SigFinder
SigFinder is a tool for the automatic mining of statistically significant substructures from a graph database. Substructures are considered "significant" if they are unusually rare or abundant as compared to a given background database. SigFinder employs a novel graph mining algorithms called GraphSig to detect and rank these structures efficiently. It provides the user with an explanation of the significance (e.g., "rare in background but x occurences in the test set") and details where the substructures occured. By choosing different background datasets or similarity measures, users can easily customize SigFinder based on their needs.
SigFinder/Chem Discovering What Really Matters
SigFinder/Chem is a specialized version of SigFinder tailored to cheminformatics. SigFinder/Chem can provide powerful SAR insights by applying it to an activity of interest. For example, mining a dataset of blood-brain barrier permeable compounds will result in chemical compounds whose absence or presence may contribute to this activity. Further investigations can then be undertaken, for example by finding similar other compounds that may have the same chemical property via our SimFinder tool.

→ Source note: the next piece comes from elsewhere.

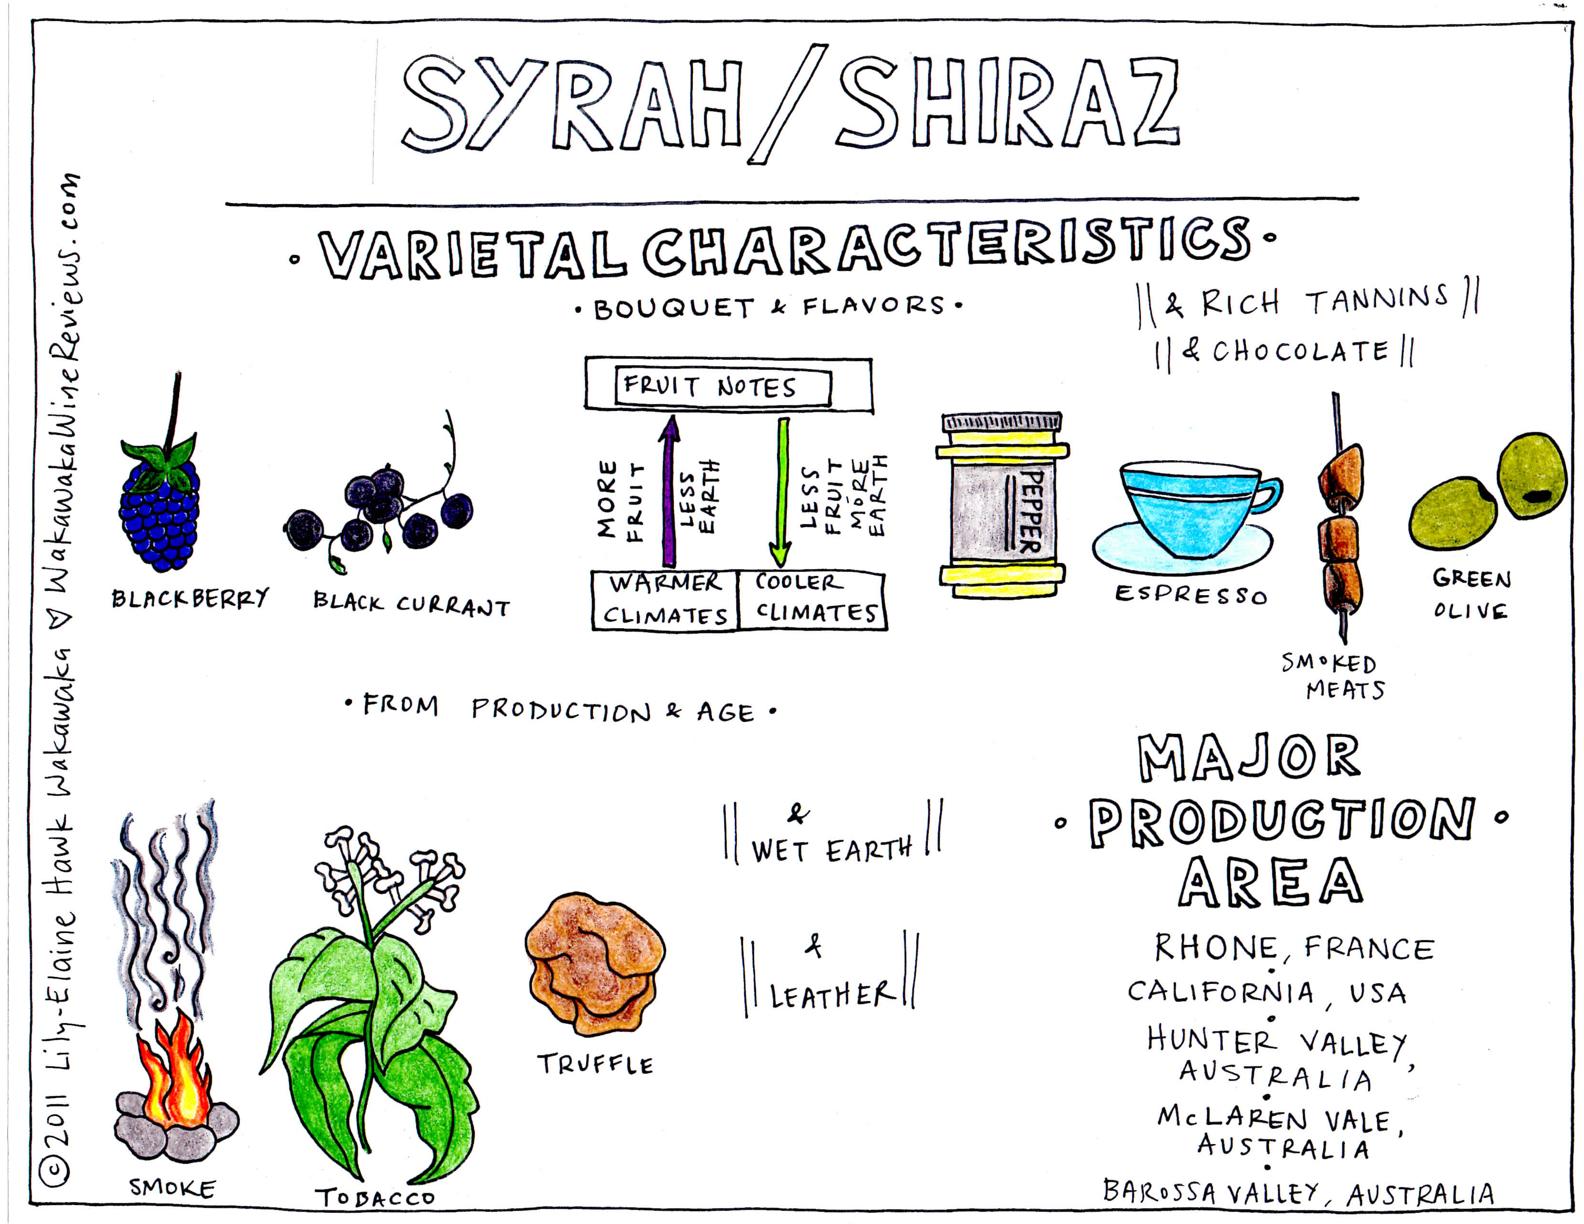 syrahshiraz.jpg

SigFinder is extremely easy to use and can be applied to small and large compound repositories. The generated output will rank the results from most over-represented fragments discovered to most under-represented ones, allowing for meaningful browsing.
An example input and output is shown in the following figure:

The substructures identified on the right will be tagged as over- or under-represented and given a score indicating how "unusual" they are relative to the background dataset.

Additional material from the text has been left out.